Наши комментарии  текста Жука (так его звала Жуковского  Россети)

Первая рукопись

1. Задание по «рассмотрению бумаг покойного Пушкина)  автор письма назвал инквизицией, коя вызывает «беспокойство, в умах производимое, есть состояние вредное: оно, как гнилой воздух, портит кровь и всю конституцию общества и производит наконец те сильные болезни, оканчивающиеся или разрушением, или долгим выздоровлением»

2. О дуэли Пушкина с Дантесом:
 «Пушкин умирает, убитый на дуэли; что произвело эту дуэль, о том ни слова; скажу только, что роль, так бедственно сыгранная Пушкиным в этой трагедии, не есть в ней самая худшая; Пушкин был выведен из себя, потерял голову и заплатил за это дорого. С его стороны было одно бешенство обезумевшей ;?; ревности; с другой стороны, напротив, был и ветреный, и злонамеренный разврат».
Слов о обезумевшее применительно к состоянию бешенства  взято в кавычки ( Жук не уверен, что это уж совсем было безумием…Может безысходностью и адекватнйот реакцией на травлю ..)

3. О Пушкина: 
Пушкин — потеря для целой России; он погиб в цвете жизни, имел гений, каких не много и какие родятся редко; этот гений только что пришел в силу; отеческие заботы подняли его из-под гнета судьбы (им самим на себя навлеченной), примирили с прошедшим, и, наконец, привели бы в порядок и душу его и жизнь, он произвел бы со временем много истинно превосходного и сделался бы славною принадлежностью славного времени своего царя и благотворителя. Этот Пушкин погиб для России.
По мнению Жука  Пушкин был гением , себя не реализовавшим, а только созревшим для создания истинно превосходного , стал бы принадлежностью царя  и прославил бы  его.
По буйным  произведениям  его беспорядочной молодости, его называют демагогическим писателем, мутителем народа. Но Пушкин последних годов уже был не прежний Пушкин.
Как писатель Пушкин не демагогический, а национальный писатель, то есть выразивший в лучших своих произведениях то, что любезно сердцу русскому. Этот Пушкин вдруг погиб

Вторая рукопись

1. Жук оправдывается -  на него был сделан донос слугами усопшего Пушкина  - агентами Бенкендорфа. А может донесла агнетша и еще не вдова? Дубельт  доложил о выносе Жуком трех пакетов. Но Жук положил в шляпу не три, а пять пакетов. Он сказал, чтоо это были письма Пушкина к жене и что он их ей отдал.  А вы бы дали на месте НН письма контролеру?  Нет = то то и оно.

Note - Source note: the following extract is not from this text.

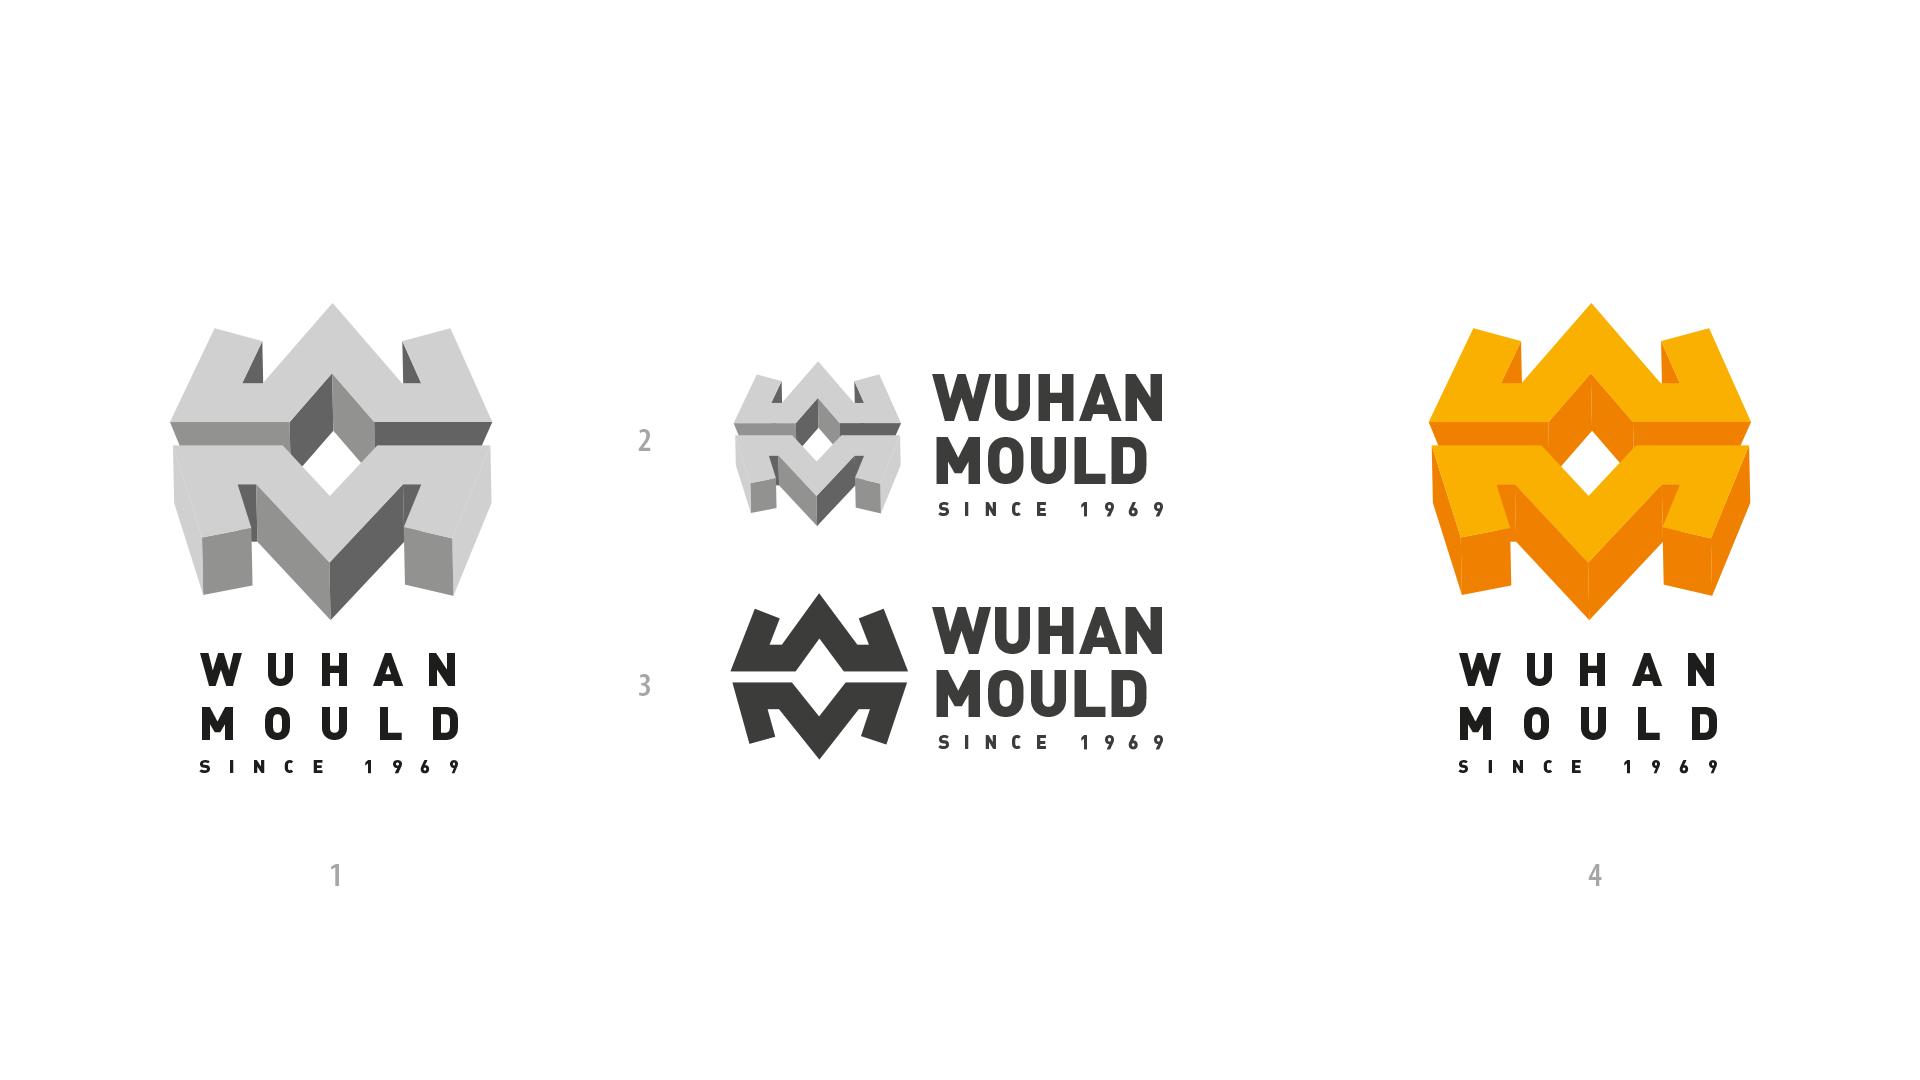 Создать логотип для фабрики пресс-форм фото f_978598c1bac9bb7f.png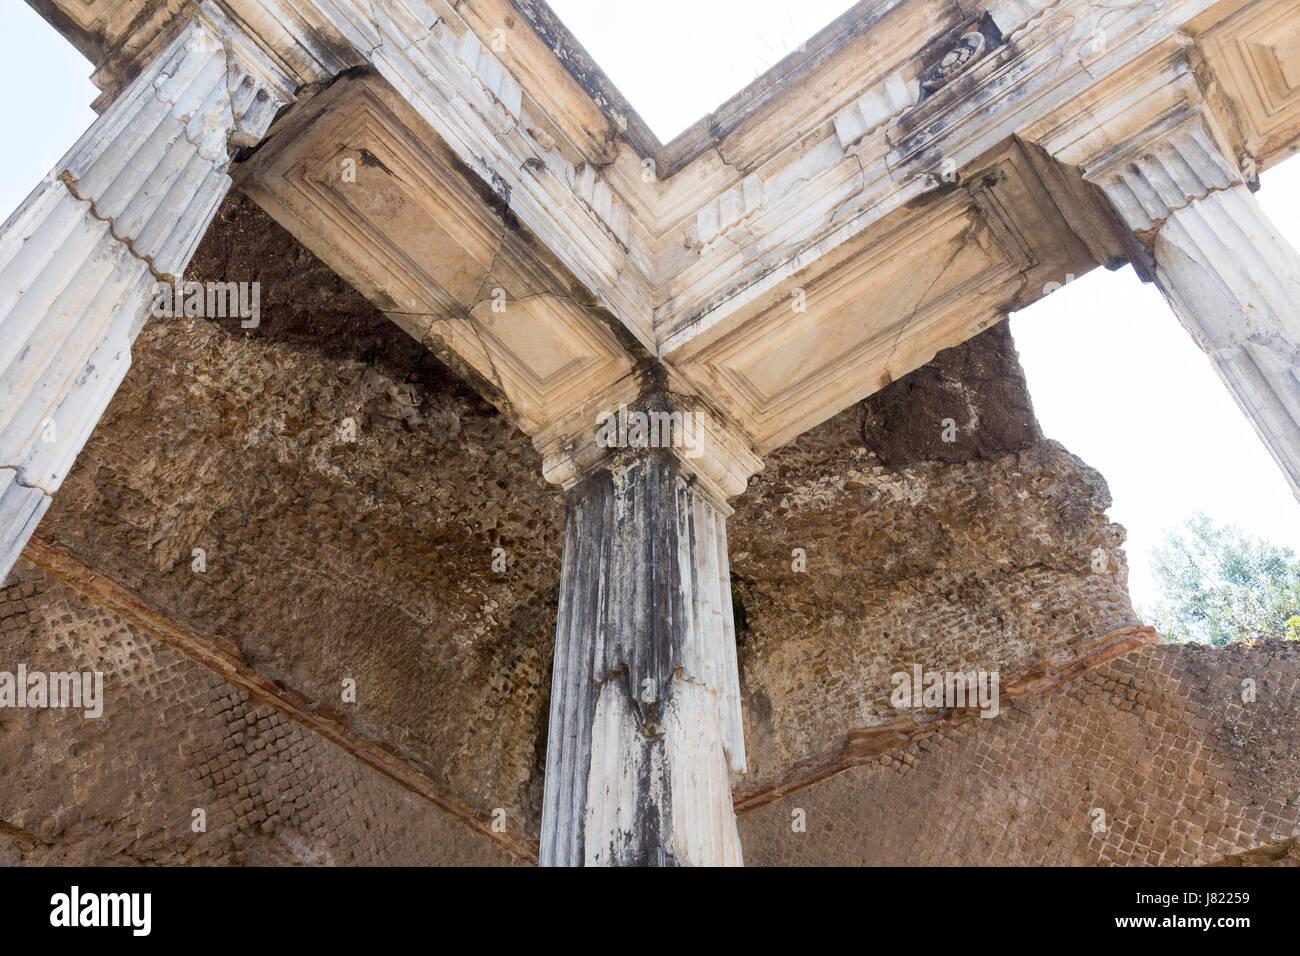 Hall with Doric pillars, Hadrian's Villa (Villa Adriana), Tivoli, Italy - Stock Image

2. 28-го в десять часов утра Император поручил Жуку  запечатать кабинет Пушкина (предоставив ему сжечь все, что найду предосудительного в бумагах).  Пушкин еще не умер … Но сем уже было все ясно и власть похабно занялась своим делом – искать крамолу и искоренять оную на корню.

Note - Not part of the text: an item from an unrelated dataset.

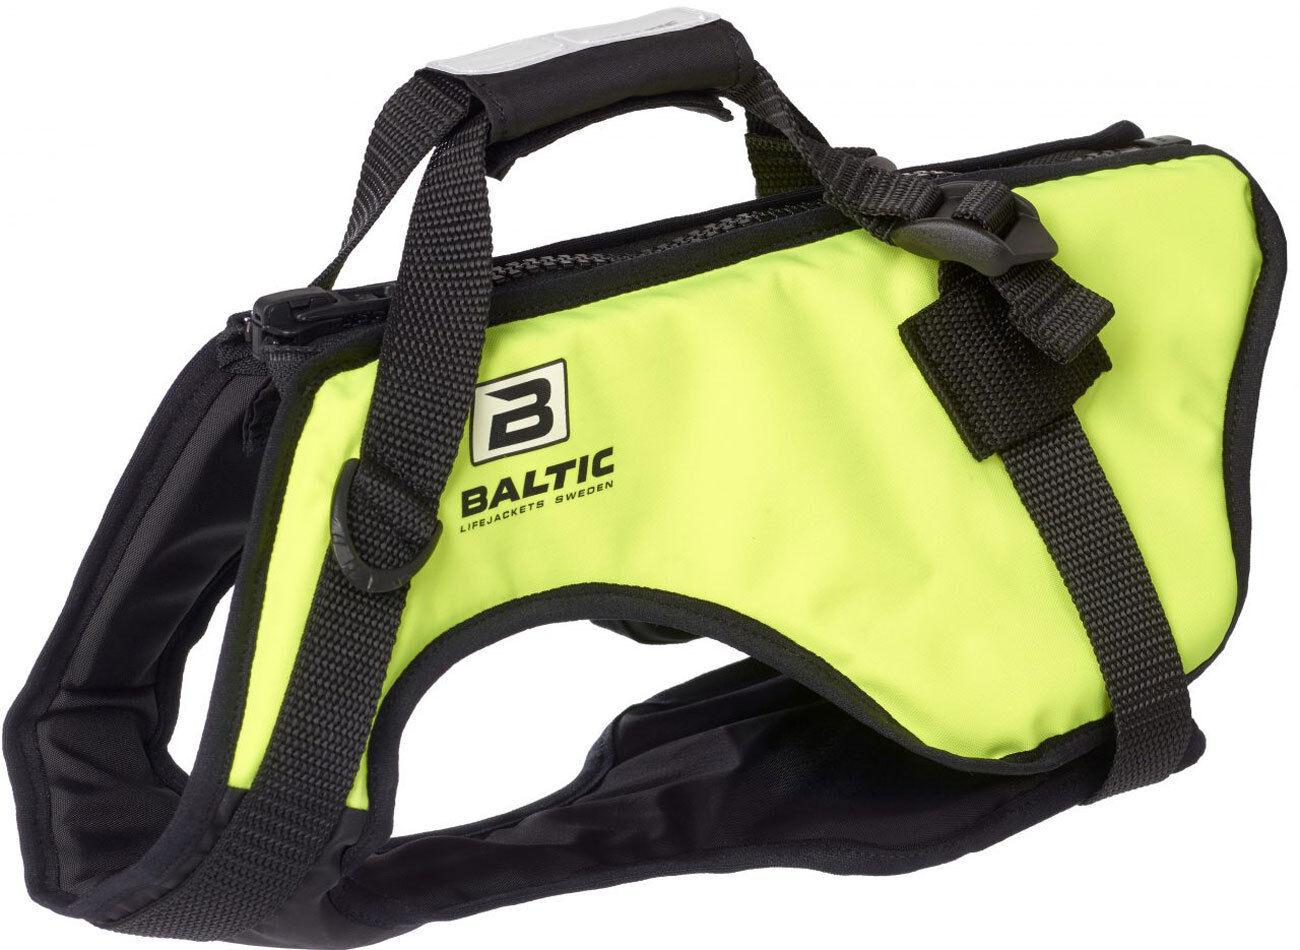 Baltic Hunde Hunde Hunde Rettungsweste Zorro gelb (Mod.0440) Reißverschluss Bauchschutz 4a994b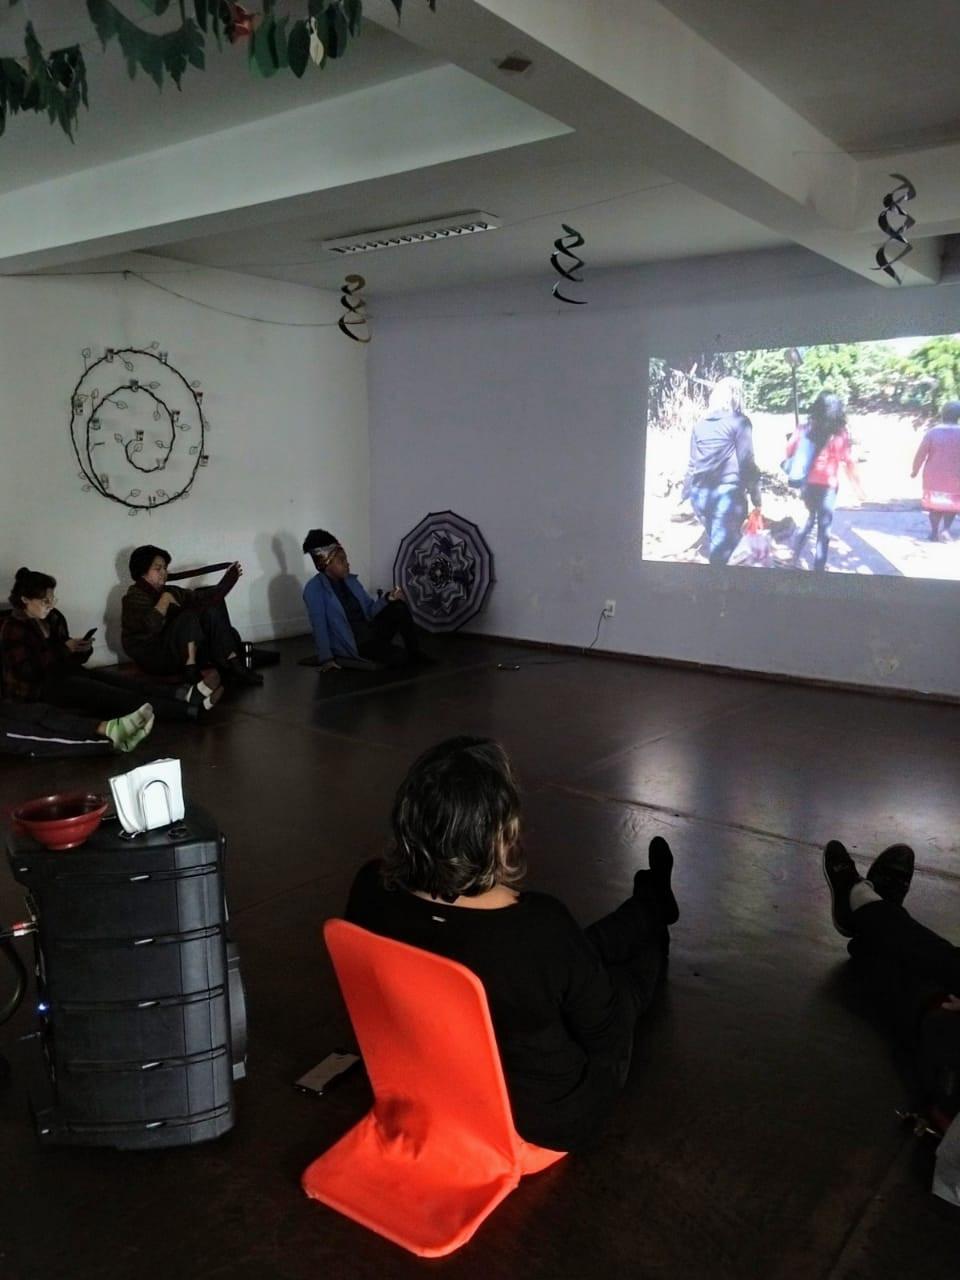 Pessoas sentadas no chão assistindo um filme projetado na parede

3. Пушкин  поручил Спасскому сжечь одну такую бумагу.

4. О Пушкине:

- Пушкин, проявлявший в молодости враждебность против правительства и вредную нравственность,  в последние годы свои был совершенно не тот = надзор его исправил

- Пушкин однако не избавился до конца, несмотря на все его старания последних лет,  от подозрений и предубеждений

- Пушкин решительно был утвержден в необходимости для России чистого, неограниченного самодержавия, и это не по одной любви к нынешнему Государю, а по своему внутреннему убеждению, основанному на фактах исторических

- Пушкин был решительным противником свободы книгопечатания и в этом он даже доходил до излишествам  и вещал, что цензура должна быть еще более строгой
- Пушкин по убеждению своему он был карлист (монархист);   он признавал короля  (царя0 необходимою гарантиею спокойствия Европы (общества, России), а  непотрясаемость законного наследия короны считал главнейшею опорою гражданского порядка.

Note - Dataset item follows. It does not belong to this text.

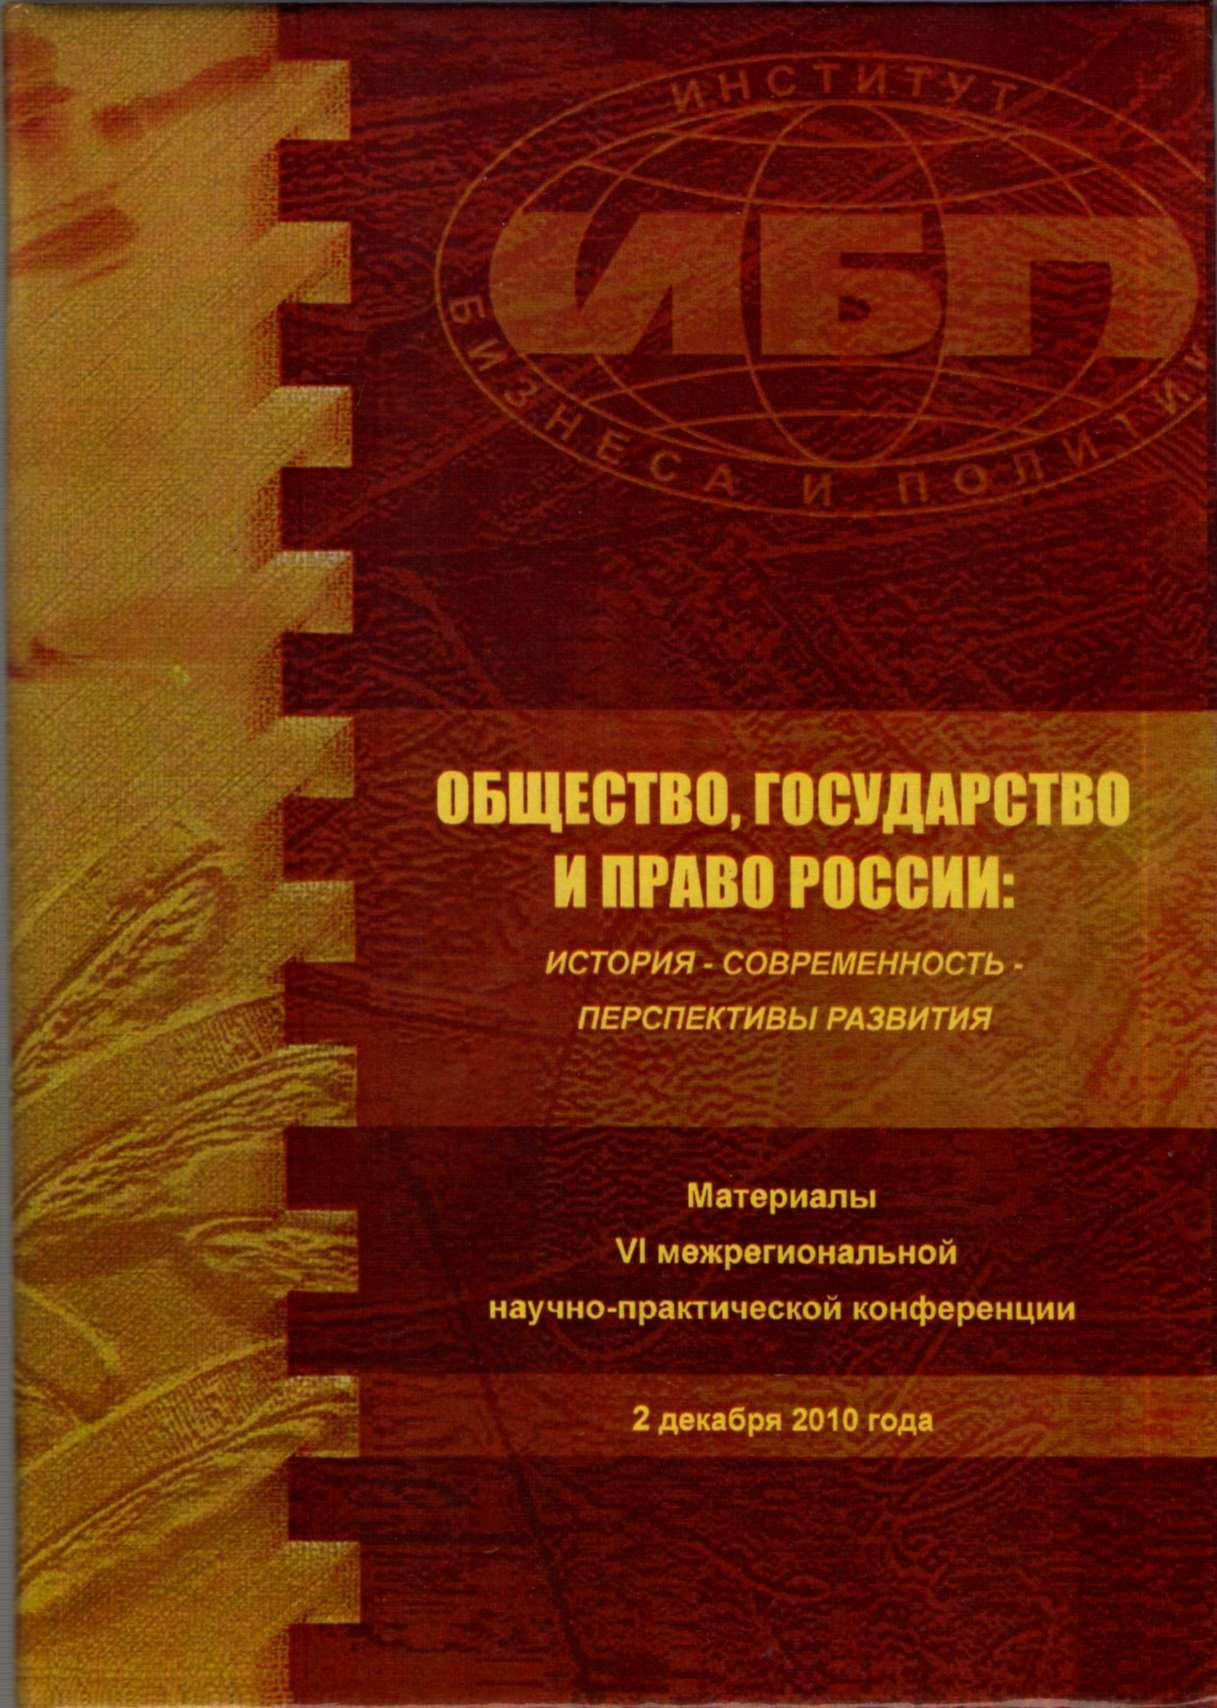 Практические занятия студентов – юристов в университетах дореволюционной России

- Пушкин был самый жаркий враг революции польской и в этом отношении, как русский, был почти фанатиком

- мнения политические Пушкина были в совершенной противуположности с системой буйных демагогов (еще до 1830-го)

5. О дуэли:

- Пушкин умирает, убитый на дуэле, и убийца его француз, принятый в нашу службу с отличием; этот француз преследовал жену Пушкина и за тот стыд, который нанес его чести, еще убил его на дуэле.

- жертвою иноземного развратника сделался первый поэт России, известный по сочинениям своим большому и малому обществу

- Разве дуэль был тайною? Разве обстоятельства его были тайною? Разве погиб на дуэле не Пушкин? Чему же дивиться, что все ужаснулись, что все были опечалены и все оскорбились? Какие же тайные агенты могли быть нужны для произведения сего неизбежного впечатления?

- Общество взволновалось, оскорбилось для чувства народности и возмутилось  такой смертью своего поэта не политически, а от  сотворенного безобразия иноземцами - застрелили рус;ского;, и кого же русского, Пушкина

- Но власть, основываясь на ложной идее что Пушкин — глава демагогической партии, произвела и друзей его в демагоги. Друзья не отходили от его постели, и в то же время разные толки бродили по городу и по улицам. Из этого сделали заговор, увидели какую-то тайную нить, связывающую эти толки, ничем не связанные, и эту нить дали в руки друзьям его.

6. О мнении  народном «Кто виноват и кого на дыбу»:

Вдруг полиция догадывается, что должен существовать заговор, что министр Геккерн, что жена Пушкина в опасности, что во время перевоза тела в Исаакиевскую церковь лошадей отпрягут и гроб понесут на руках, что в церкви будут депутаты от купечества, от университета, что над гробом будут говорены речи
Итак, народ поставил  Геккерна, Дантеса и жену Пушкина  в триумвират  ликвидаторов Пушкина и оскорбителей Русского мира и глубинной нашей народности вообще.

Откуда народ знал или уверовал, что  НН виновница торжества иноземцев и в чем суть ее вины (давала иноземцу развратнику?)

Если это (о позе НН) только слух и никакой полит Русской партии за ним нет, то кто автор слуха и волны молвы «На дыбу сучку!» и «Поджечь дом развратников (мужеложников)!»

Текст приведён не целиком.